PROBLEM REQUIREMENTS:
Transcribe, word for word, only the lines from the one containing "Top Gourmet of China menu and prices" through the end of the material below. Pictures stay out.

DATASET CONTENT:
/---

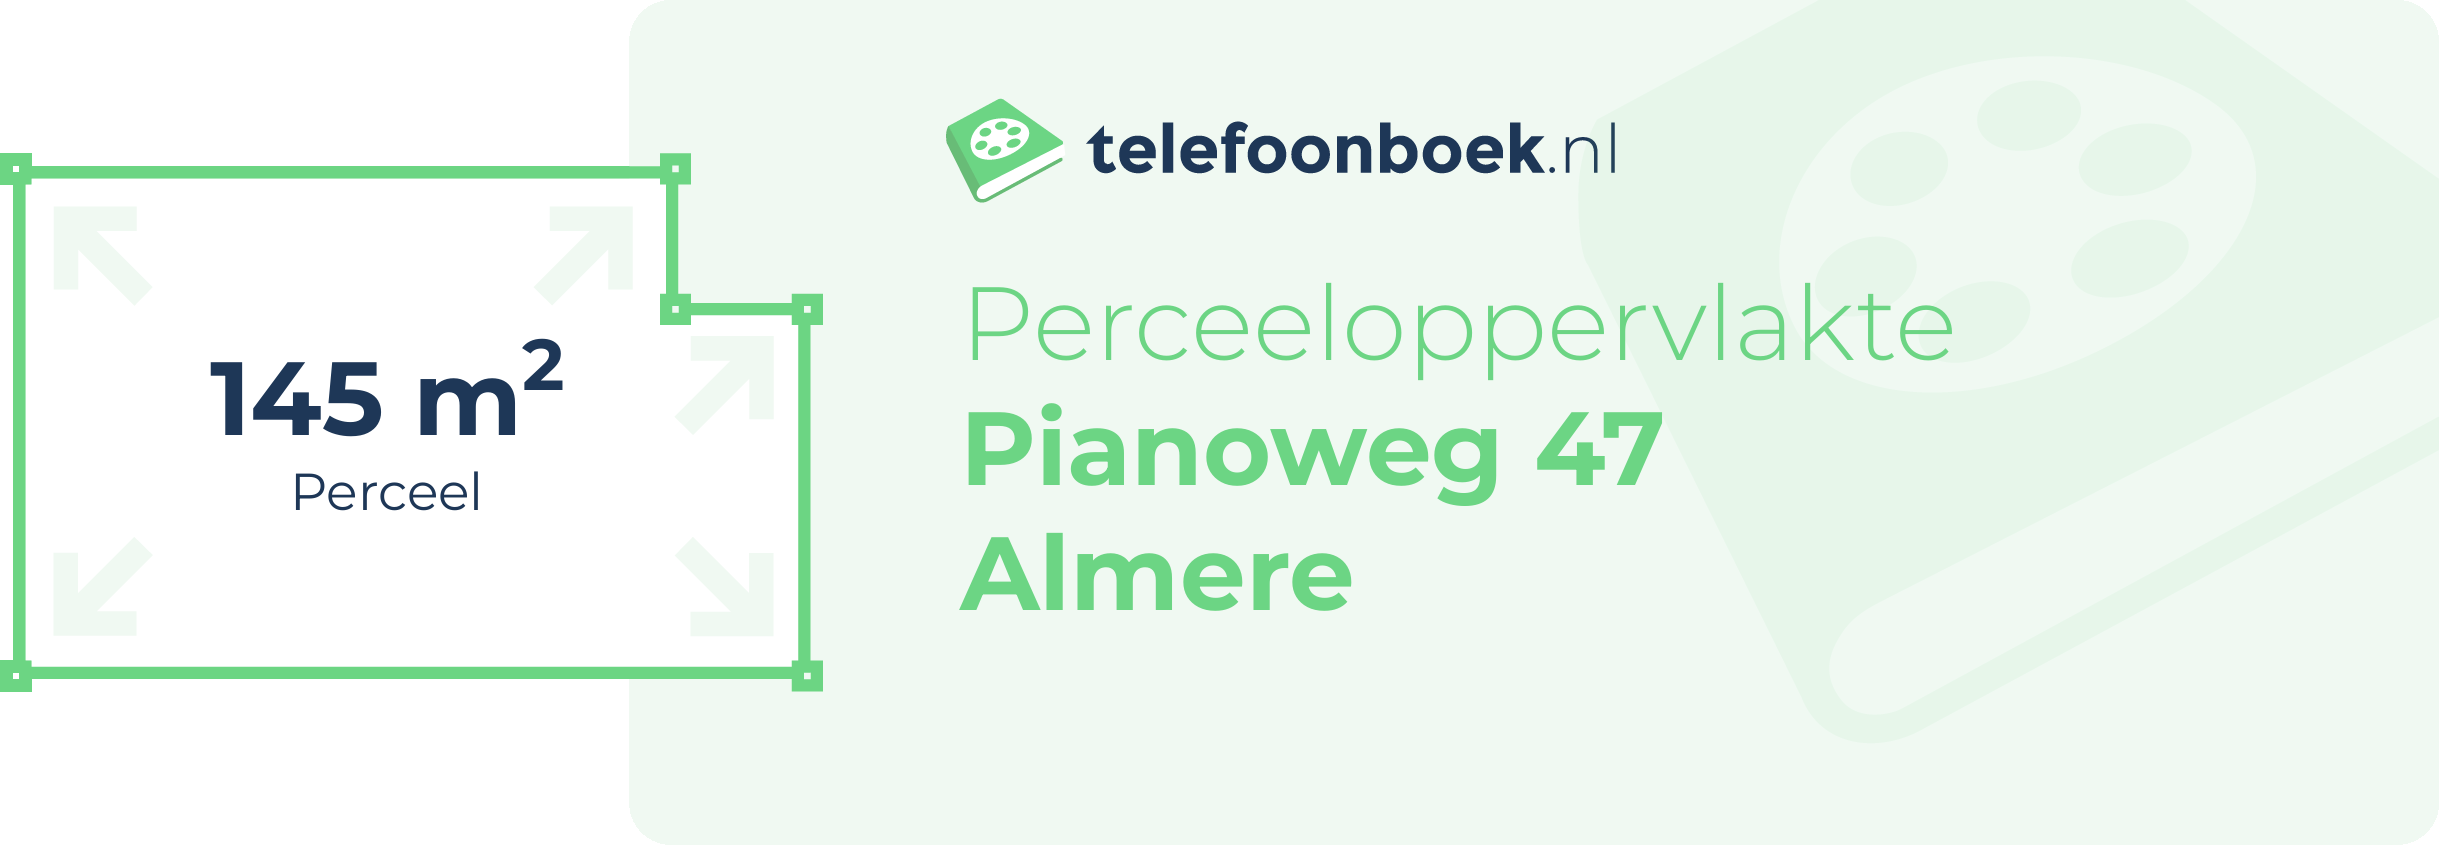 Perceeloppervlakte Pianoweg 47 Almere
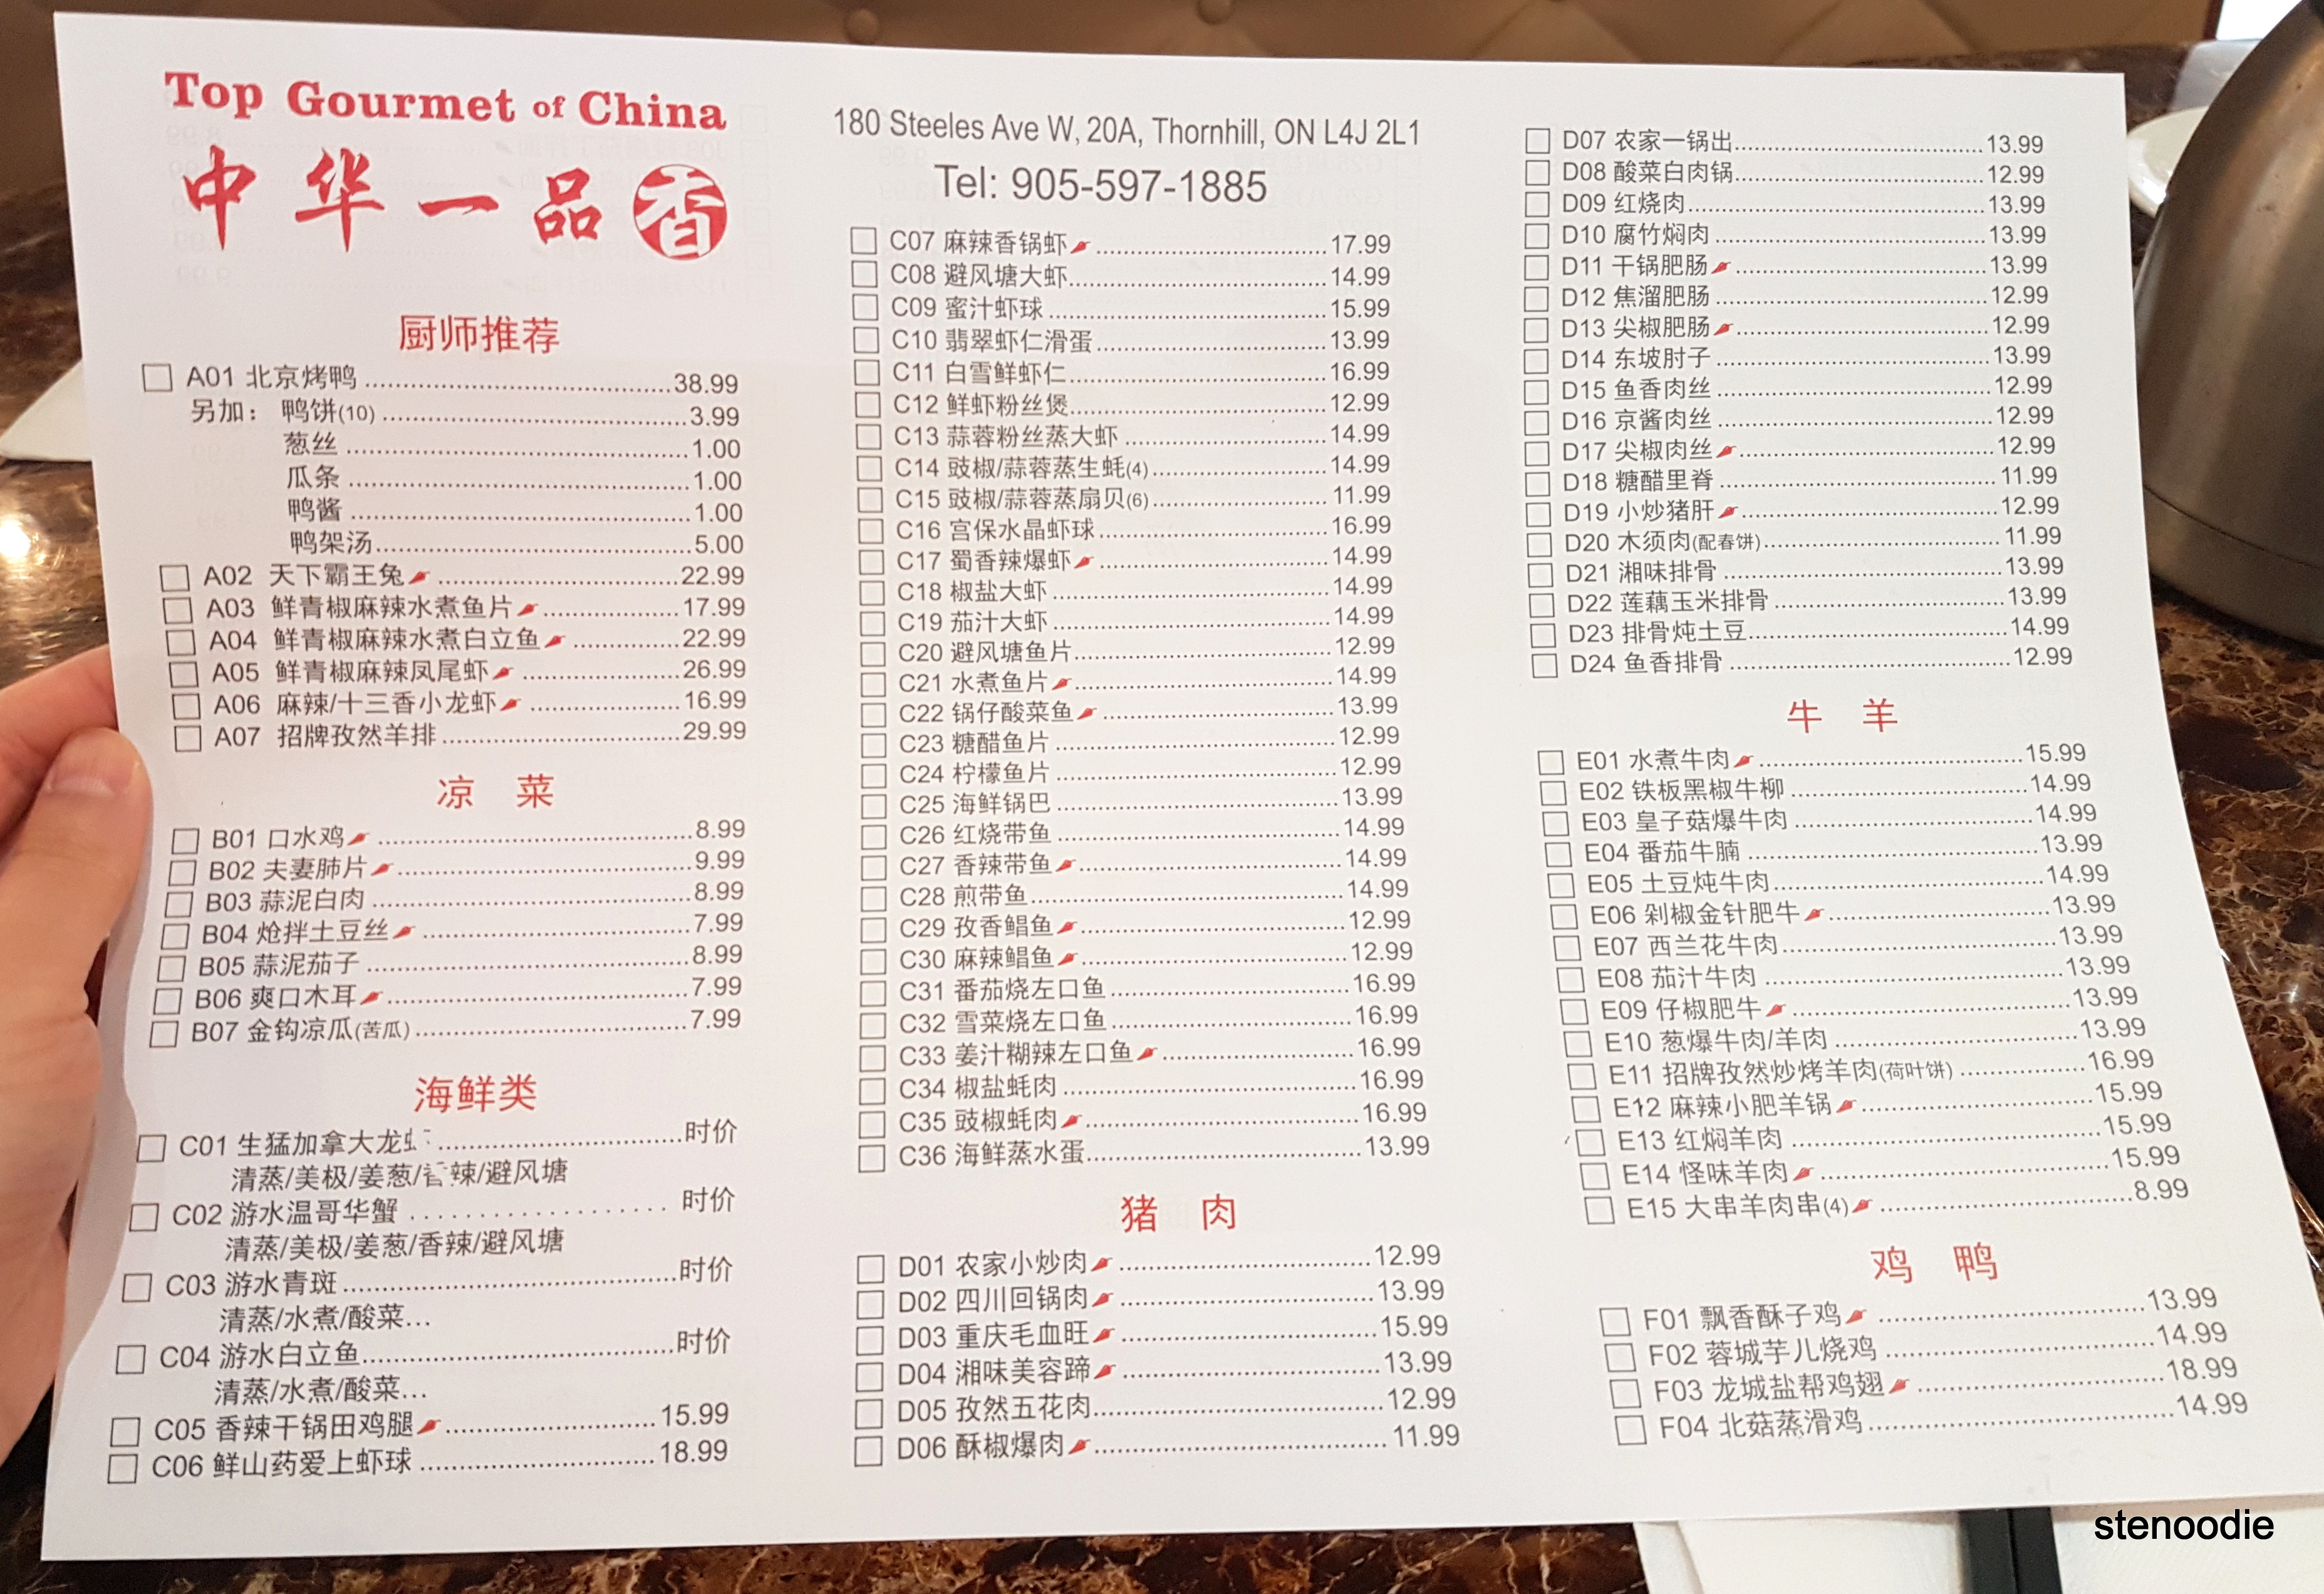 Top Gourmet of China menu and prices
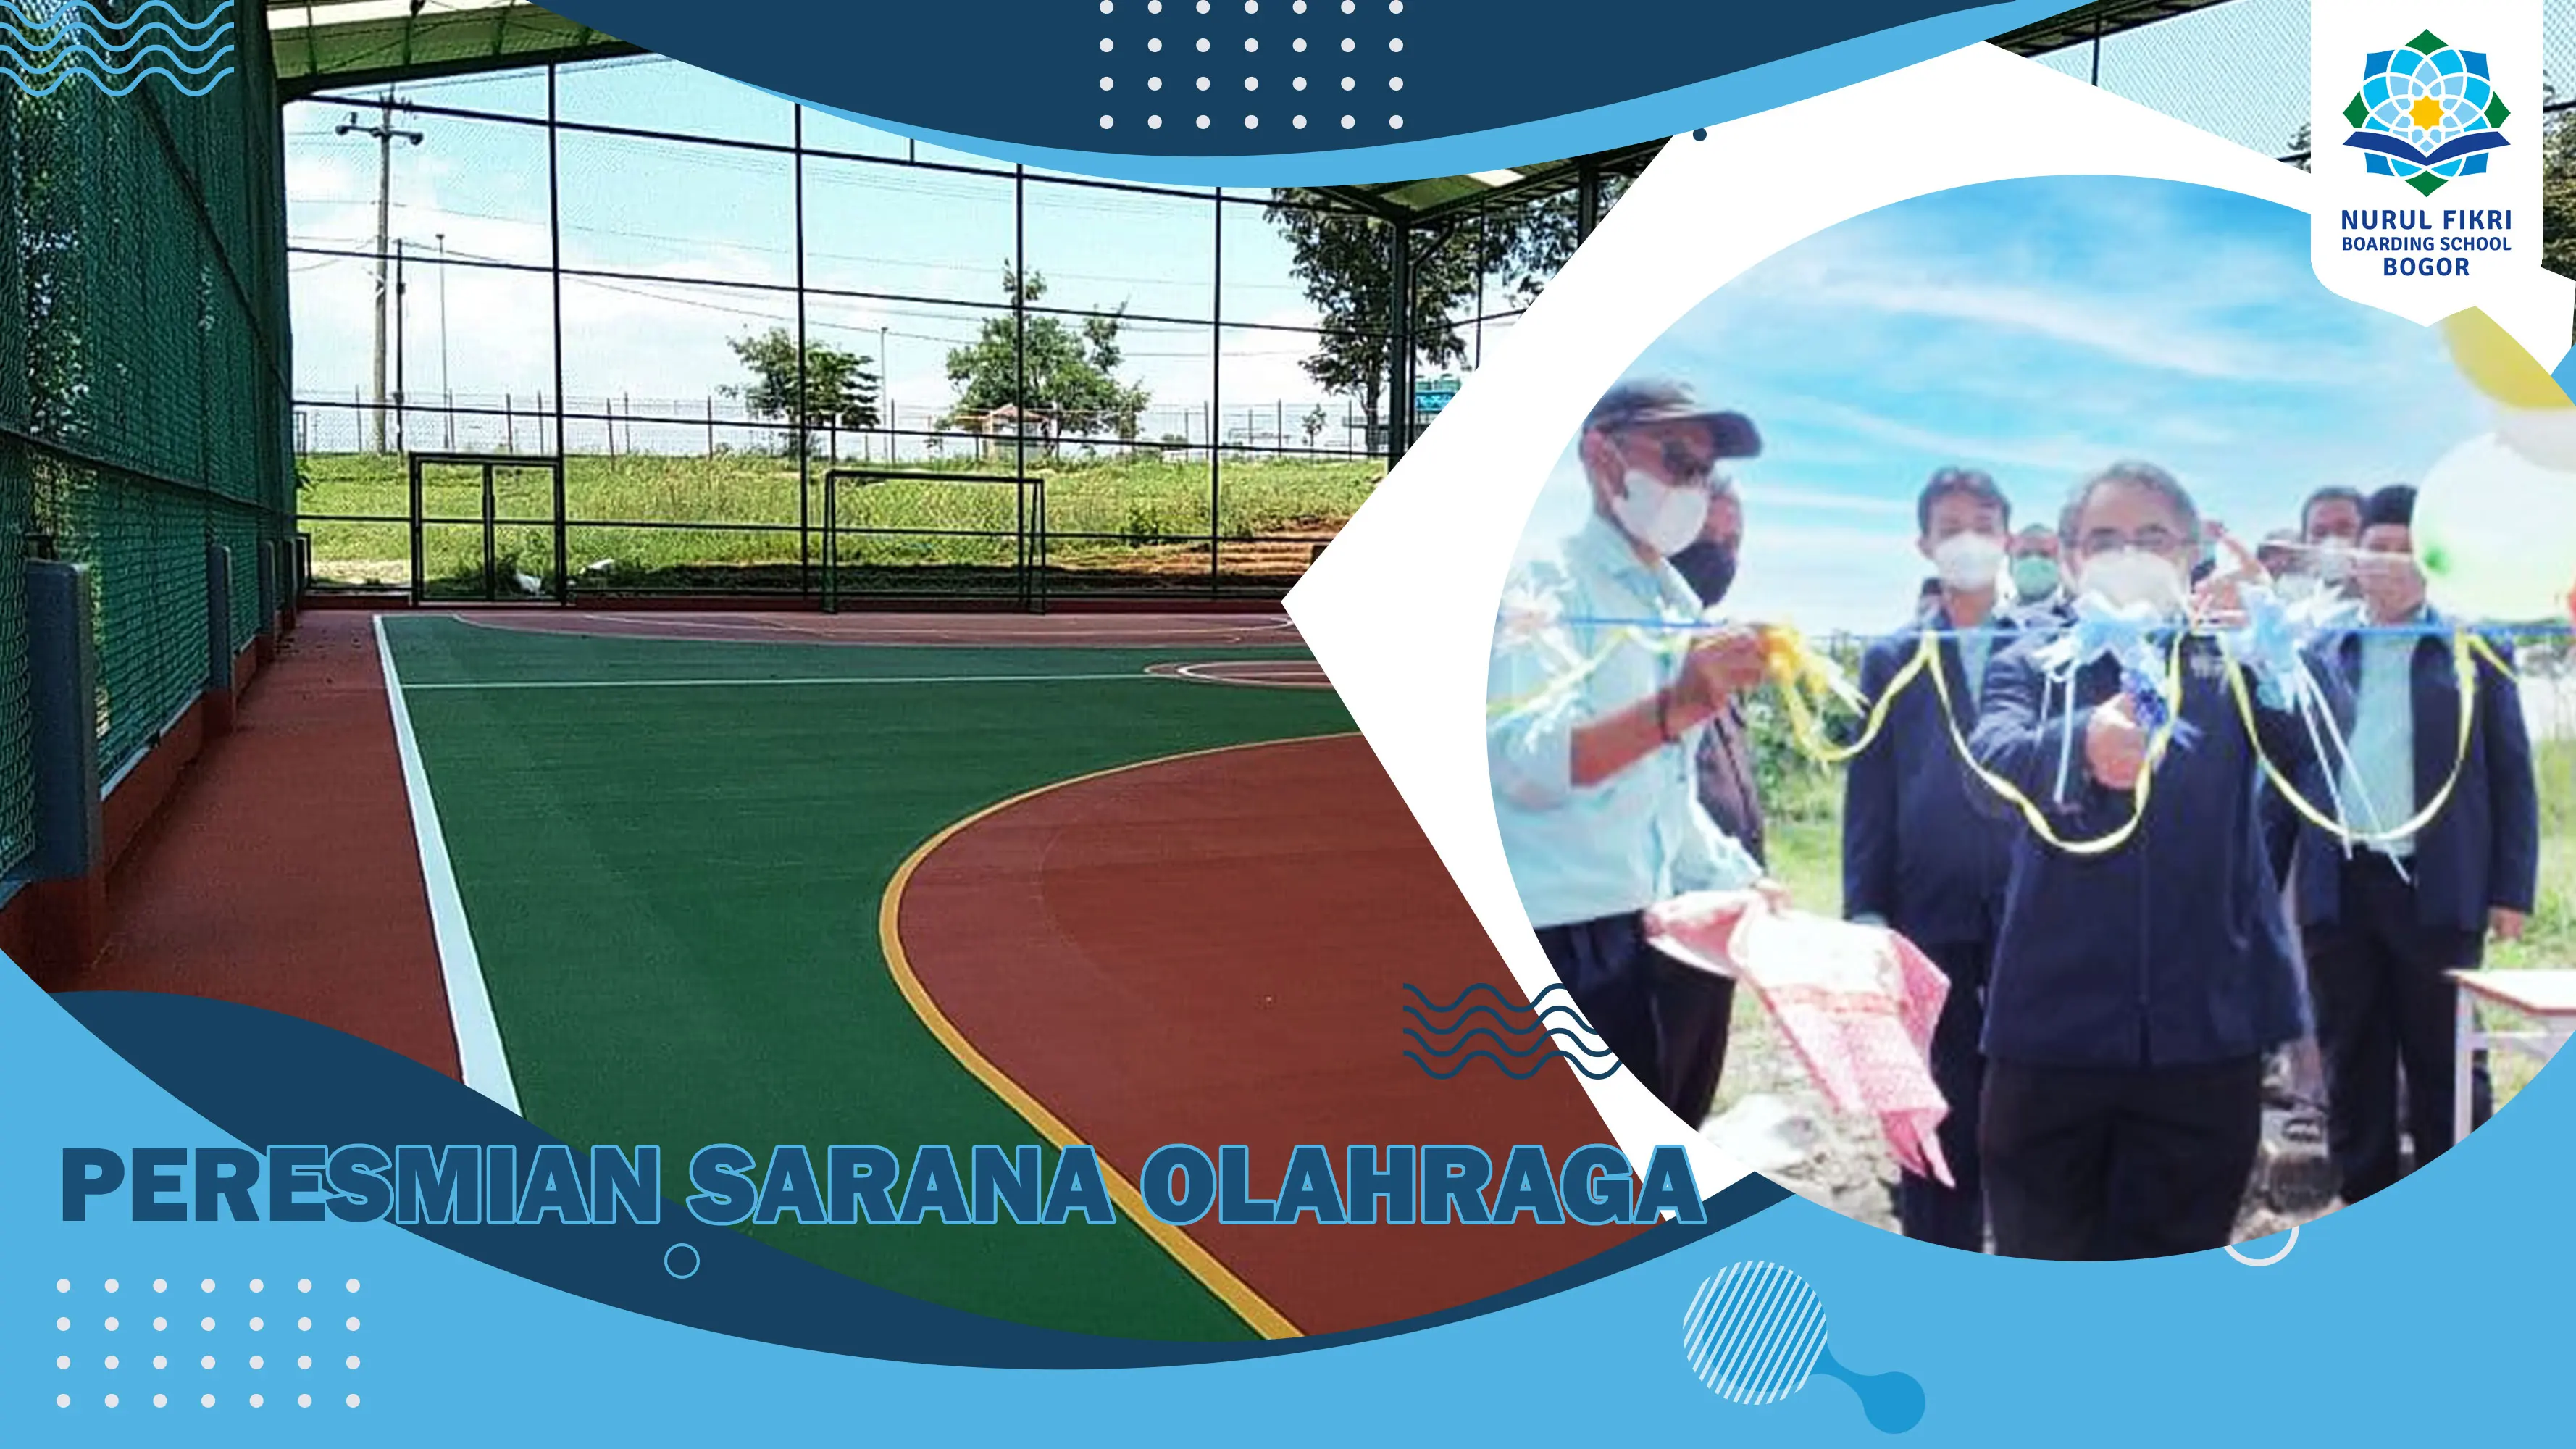 Peresmian Sarana Olahraga (Lapangan Futsal, Basket) Nurul Fikri Boarding School Bogor

\---

ANSWER SPACE:
 Top Gourmet of China menu and prices
 Peresmian Sarana Olahraga (Lapangan Futsal, Basket) Nurul Fikri Boarding School Bogor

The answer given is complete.